If the Internet and the effects of social networks now determined the aggregation of the forces of denial and relayed information outside the national borders, those media enhanced the universal dimension of the Tunisian Revolution and amplified its symbolic message at the global level. The emulation power of the event resulted from an astounding combination of the insurrectional facts, the episodes that emptied the top executive circles of the State and the network effects created by the planetary media. In the same way as  the  communication pattern made of Sidi Bouzid, a hamlet in the Centre-West of Tunisia, a “referential marker” on Twitter (hash Tag), of the injunction degage! (Clear off!)  a universal slogan and of the qualifier jasmine a word censored by the Chinese cyber-police, so did the Web disseminate information, magnify its impact, offer it for readership and commentary in a quasi-instantaneous manner, both on computer screens and in newsrooms around the world. The fabric of that virtual communication has in turn triggered a wave of indignation, imposed a follow up of events, and built an international opinion confronting executive authorities taken unawares. Between insurrectional action, blind repression,  the making of information and emotion, the Tunisian epicenter, relayed by the might of globalised technology, turned into a laboratory where was observed the awakening to equality and liberty which anchored consciences, shattered the régime from inside, broke  the wall of indifference that prevailed abroad. The hearth of in-motion events appears as a pole of political emotion, created an unsuspected shock in a world numbed after the unsurpassed 9/11 events, paralyzed by the depressing effects of the 2008 financial crisis, divided by the egotism of immediate vested interests.

In spite of the uncertainties as to what is to become of Tunisia and its environment, this national Revolution looks like a broader event that cracked a numb geo-political order. The event unlocked the fortress of a State deemed stable and outplayed a political-financial management system which, not limited to the State confines, stretched well beyond it.  It broke the purring confidence which used to lubricate agreements and profits and disturbed the tranquility of a lazy balance. Like an earthquake with unpredictable replicas, the Tunisian explosion foreshadowed unknown changes, making phenomena thought to stand miles away from one another move closer, coupling seemingly irreconcilable horizons. By crystallizing a conflation between local events and an international audience, revealing the fusion of individual aspirations to democracy and world empathy, that political liberation has disclosed connections that prefigure a re-composition of social relations and, may be, the physiognomy of planetary regional groupings.

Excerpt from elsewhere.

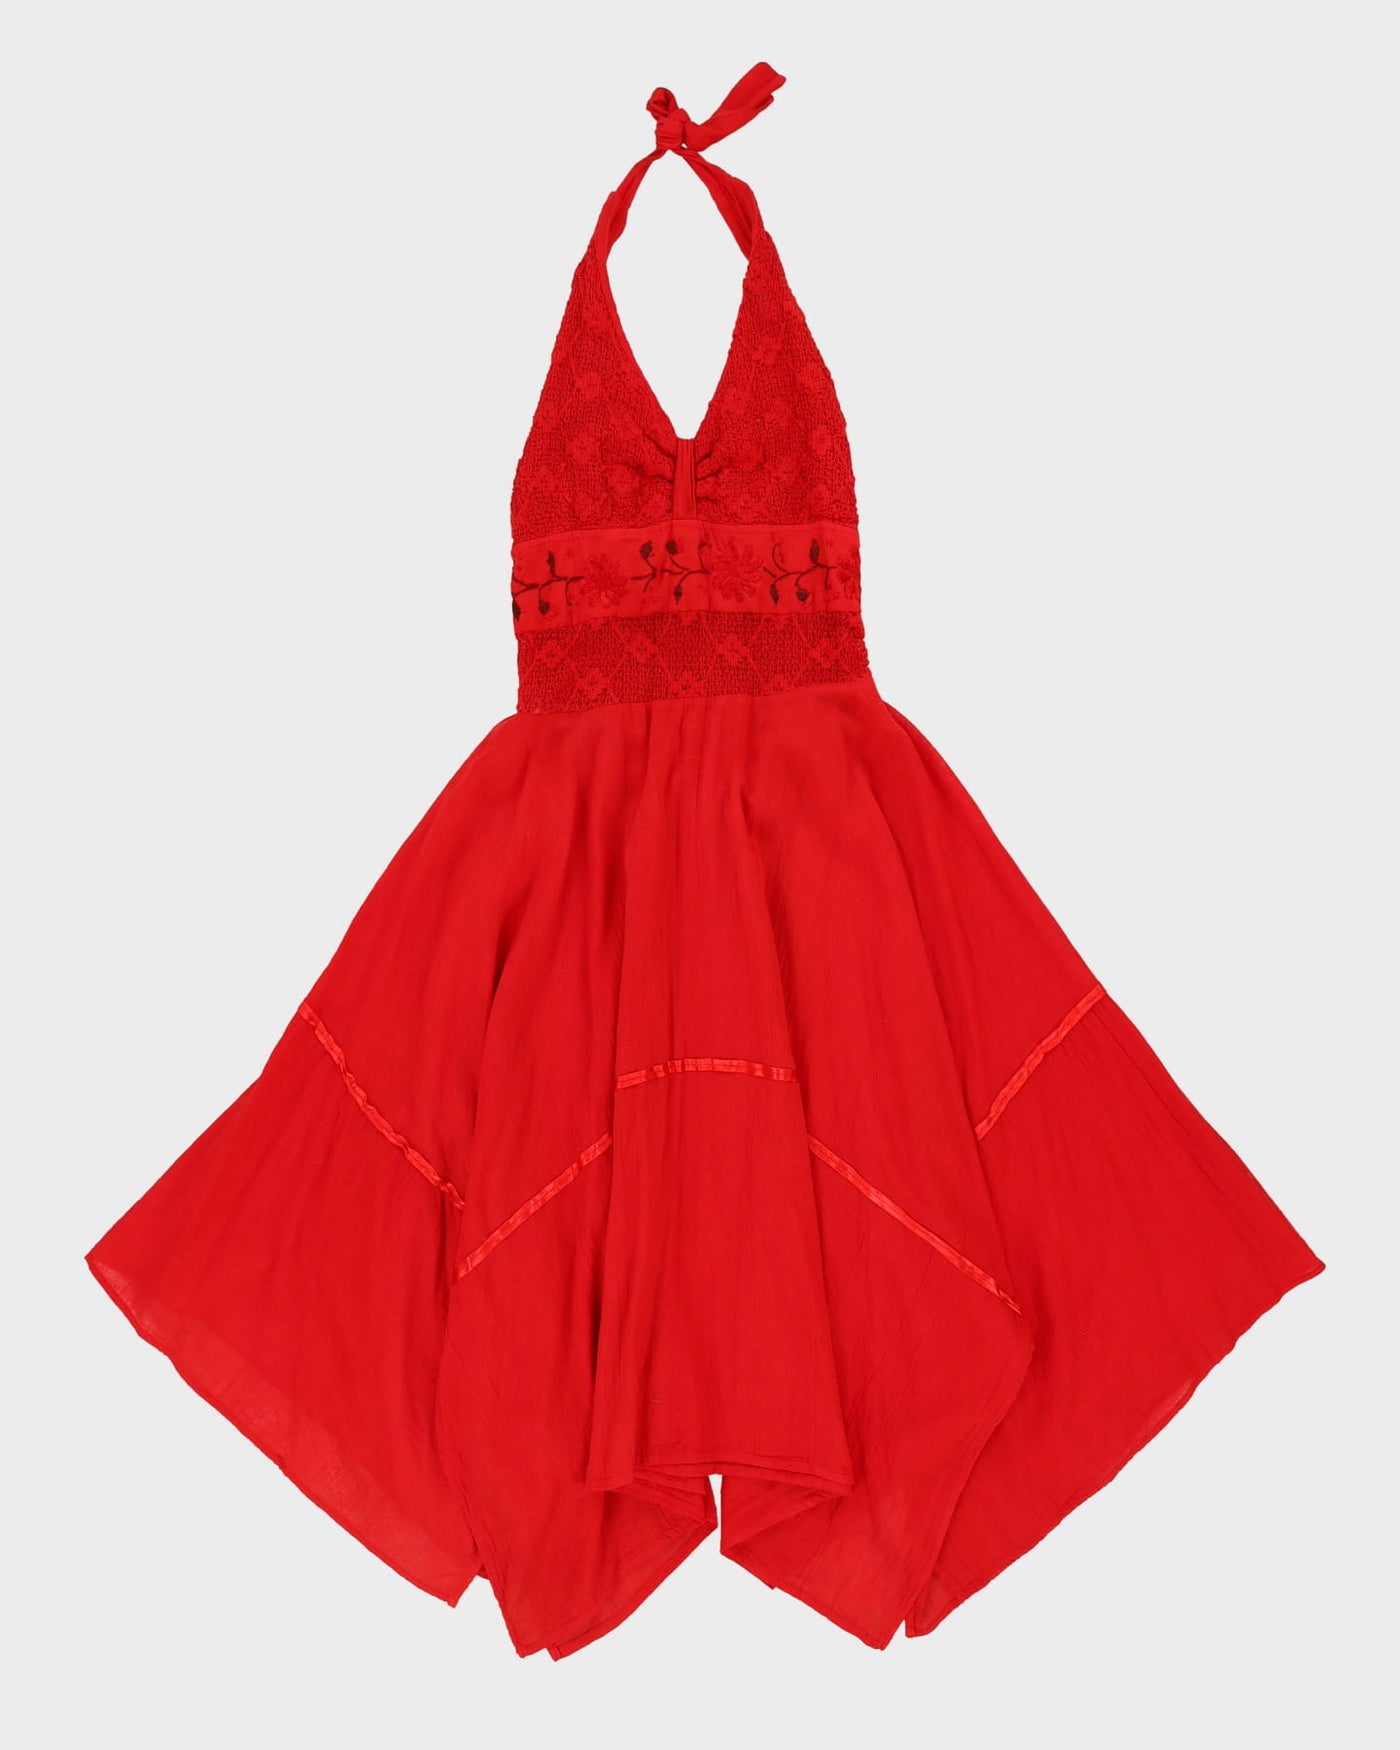 Red Embroidered Halter Neck Dress - S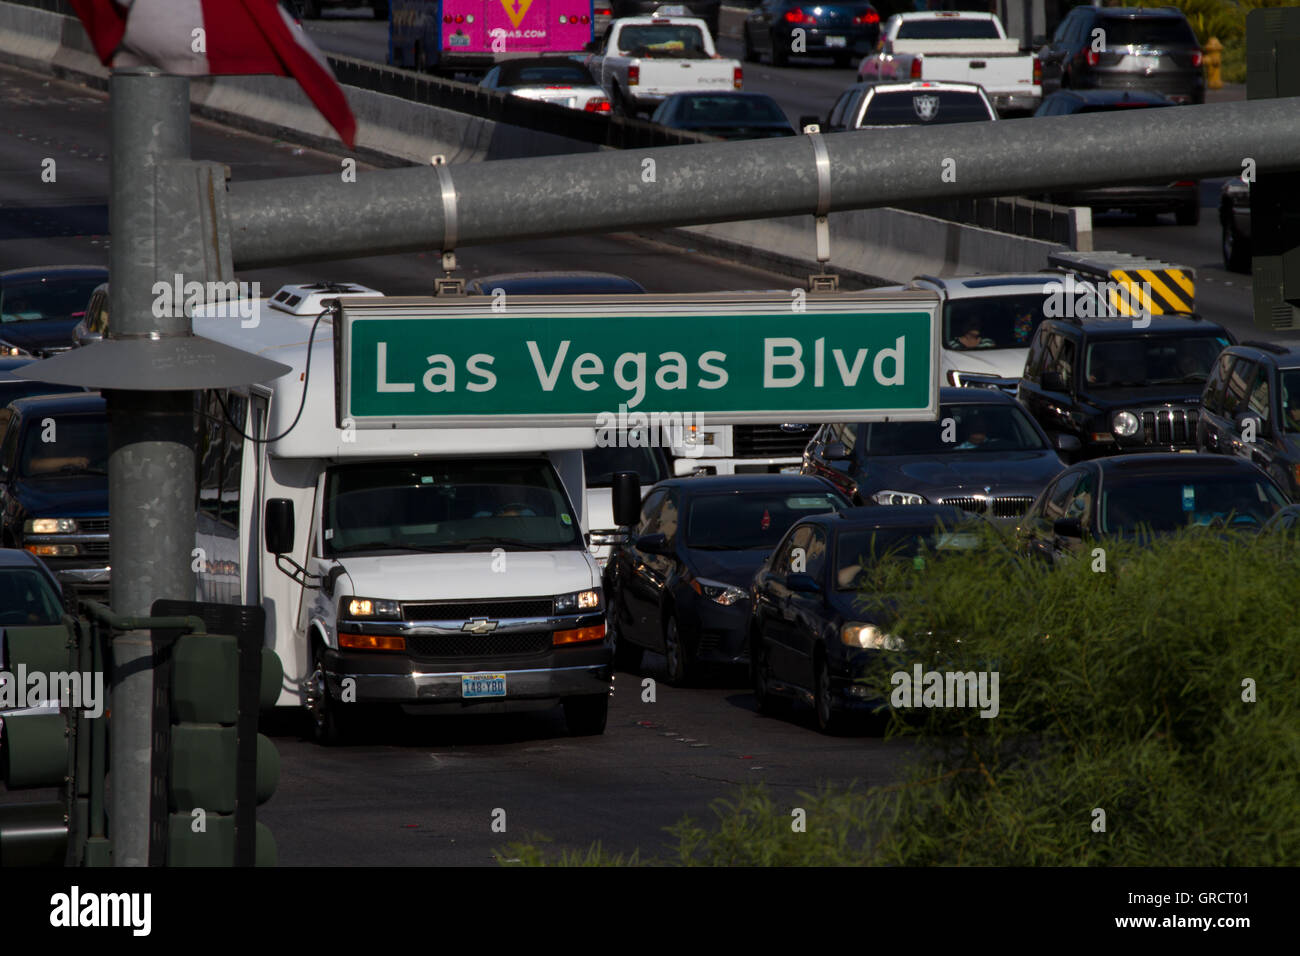 Las Vegas Blvd road sign with automobiles behind it. Las Vegas. Nevada USA Stock Photo

At the time when murderous dramas are enacted in Yemen, Libya, Bahrain, and Syria, and when the ground swell of revolts for freedom continues in blood and shilly-shallying, these historian’s reflections on a revolutionary segment may seem derisive. They are most certainly temporary and, with the impossibility of writing such history in the making, they testify to the complexity of the issues re-energized by revolutionary inload. Not only does the oxygen generated by that mysterious tectonic destabilize a frozen image of countries thought to be predictable, but it also involves the fear of the advent of impromptu rules and unexpected partners. Like fear, when pressure changes places, the reversal of the battle of wills begets, for a while, contradictory possibles.  Can one foresee the effects of an emotional impact still persistent in areas where people are still dying?  For the moment, in the face of the hesitancy of the leaders from the Northern countries and the concern of the political and economic circles they contributed to create, new actors are entering the stage and changing the new state of affairs. Though reluctant, men and women, from those countries subjected to an order that has become unbearable, still keep a gleam of hope for changes one wishes to be irreversibly on their way to a more democratic life, in Tunisia as elsewhere.

In the manner of a sphinx, the Tunisian Revolution has not revealed all its enigmas.